Alvarez remained a member of the water board, however, until October 2009, when he was sentenced by Los Angeles Superior Court Judge Michael Camacho to five years in state prison for misappropriating district funds by qualifying his ex-wife for insurance benefits. That conviction was upheld, and he is currently serving his sentence at the California State Prison in Calipatria, according to Department of Corrections records.
The Ninth Circuit majority, Judge Milan D. Smith and Senior Judge Thomas G. Nelson, since deceased, said the law went too far by penalizing false claims to have won the Medal of Honor or other congressional honors without regard to context.
“While we agree with [Judge Jay Bybee’s] dissent that most knowingly false factual speech is unworthy of constitutional protection and that, accordingly, many lies may be made the subject of a criminal law without creating a constitutional problem, we cannot adopt a rule as broad as the government and dissent advocate without trampling on the fundamental right to freedom of speech,” Smith wrote.
Where laws proscribing false speech have been upheld, Smith explained, the law has always included narrowing elements, such as a requirement of intent to defraud.

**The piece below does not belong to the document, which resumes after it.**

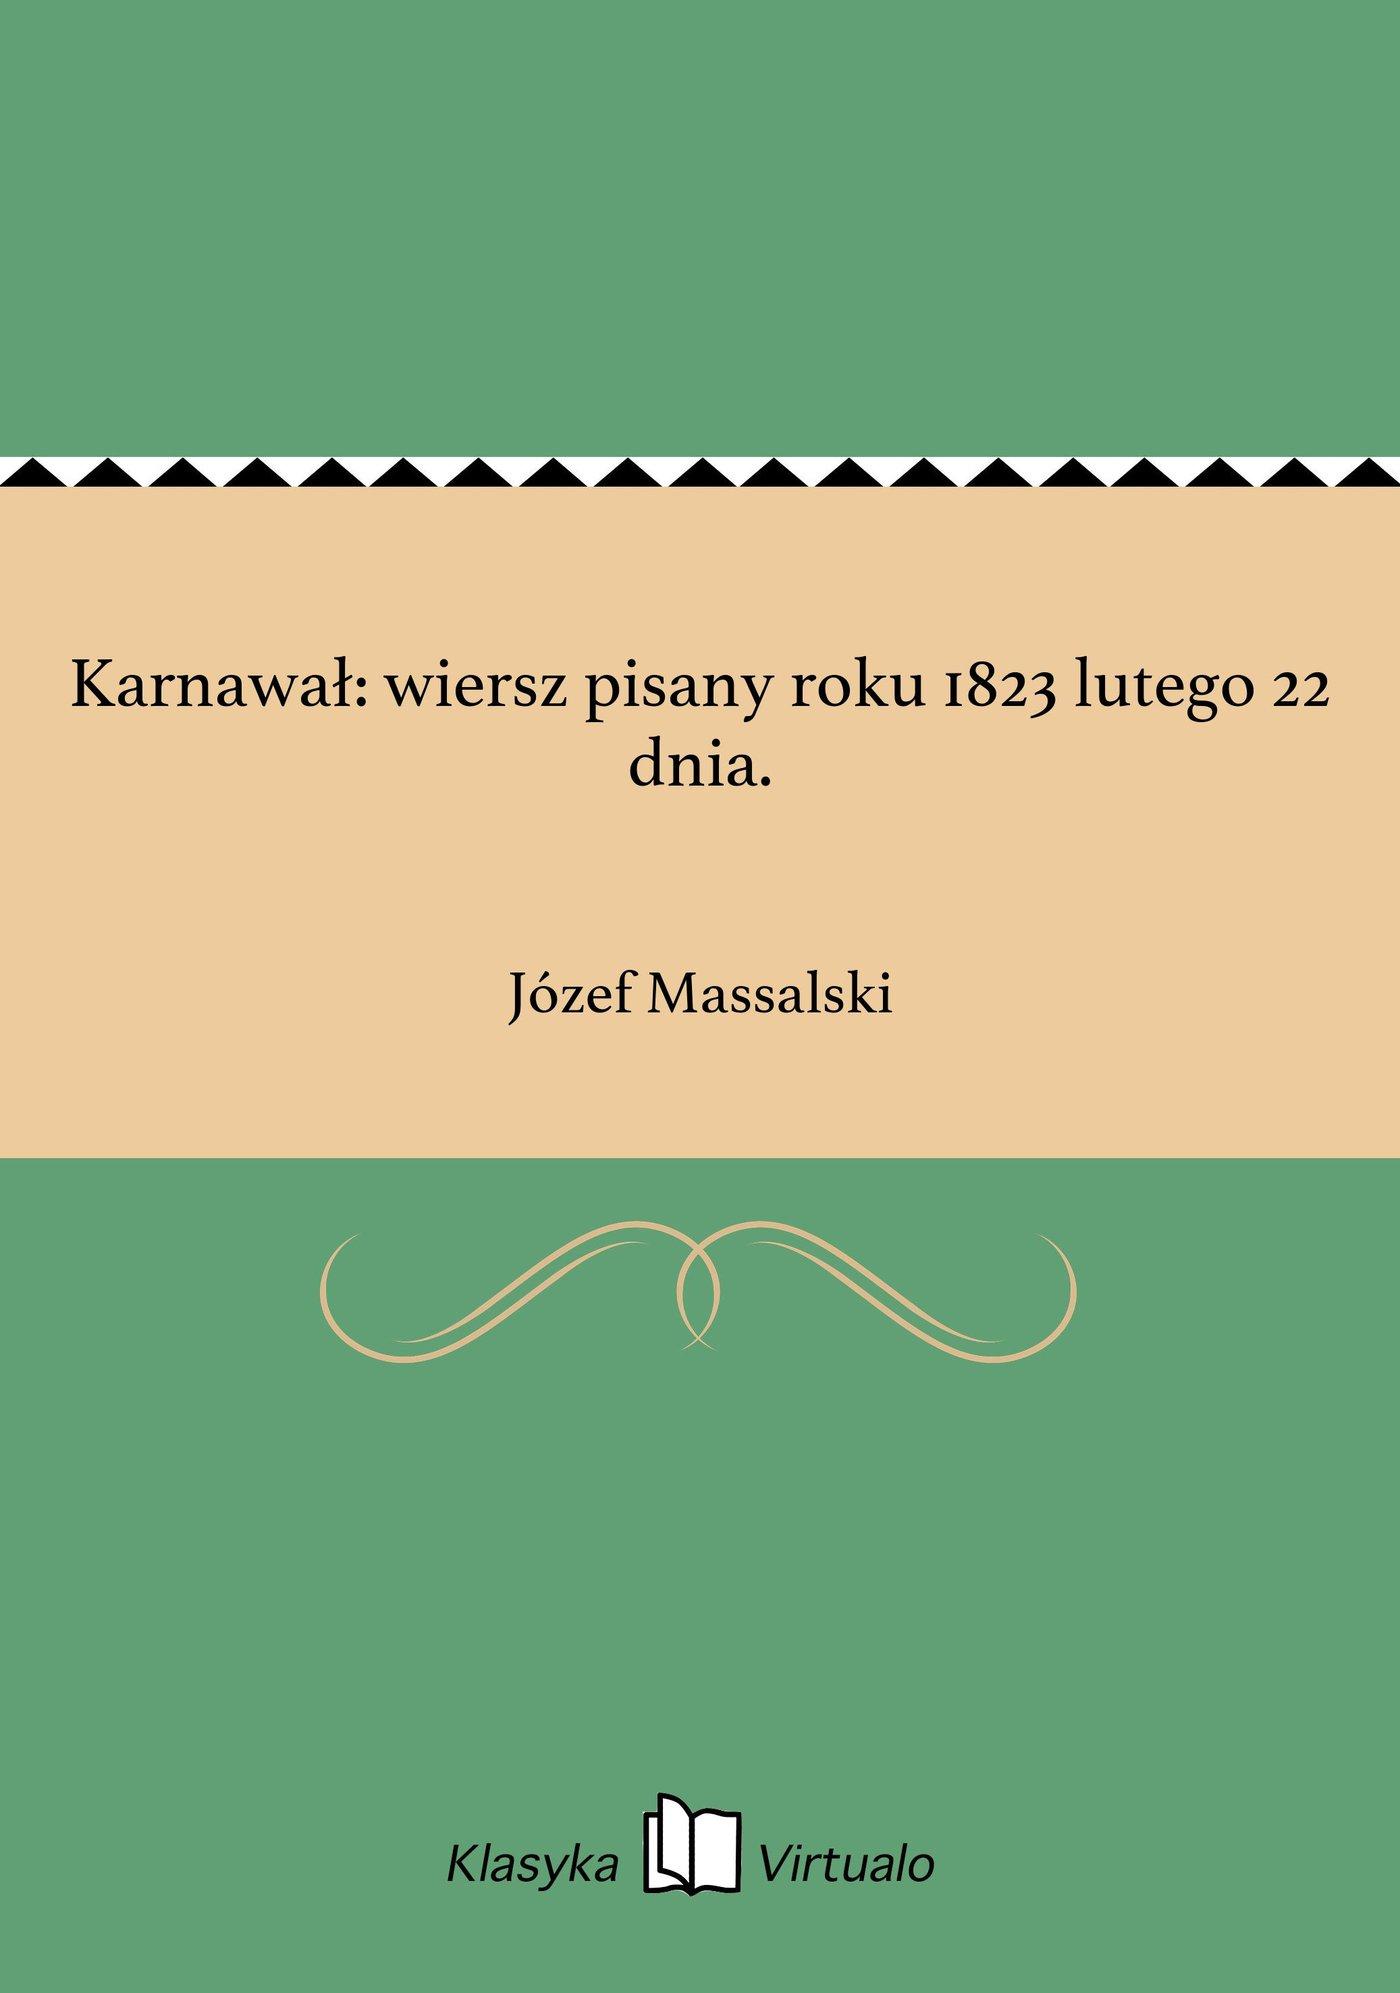 Karnawał: wiersz pisany roku 1823 lutego 22 dnia. - Ebook (Książka EPUB) do pobrania w formacie EPUB

The court cannot, as prosecutors argued, place the burden on the defendant to show that the false speech was entitled to protection, the judge concluded.

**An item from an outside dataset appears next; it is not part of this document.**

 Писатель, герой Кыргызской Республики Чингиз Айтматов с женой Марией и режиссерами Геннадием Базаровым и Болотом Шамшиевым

Bybee argued in his dissent that the act should be upheld based on “the clarity and consistency of Supreme Court’s insistence that false statements of fact...generally fall outside First Amendment protection.”
While some applications of the statute might be unconstitutional, he wrote, Alvarez’s statement, made with knowing falsity in a public meeting, which “was neither a slip of the tongue nor a theatrical performance,” but an effort at self-promotion, is not protected by the First Amendment.
The Ninth Circuit denied en banc review, with seven judges dissenting.
The solicitor general argued that in his petition that the law “plays a vital role in safeguarding the integrity and efficacy of the government’s military honors system” and that the Ninth Circuit erred in applying strict scrutiny. While no appellate court has upheld the law, the government said the issue is now pending in four other circuits.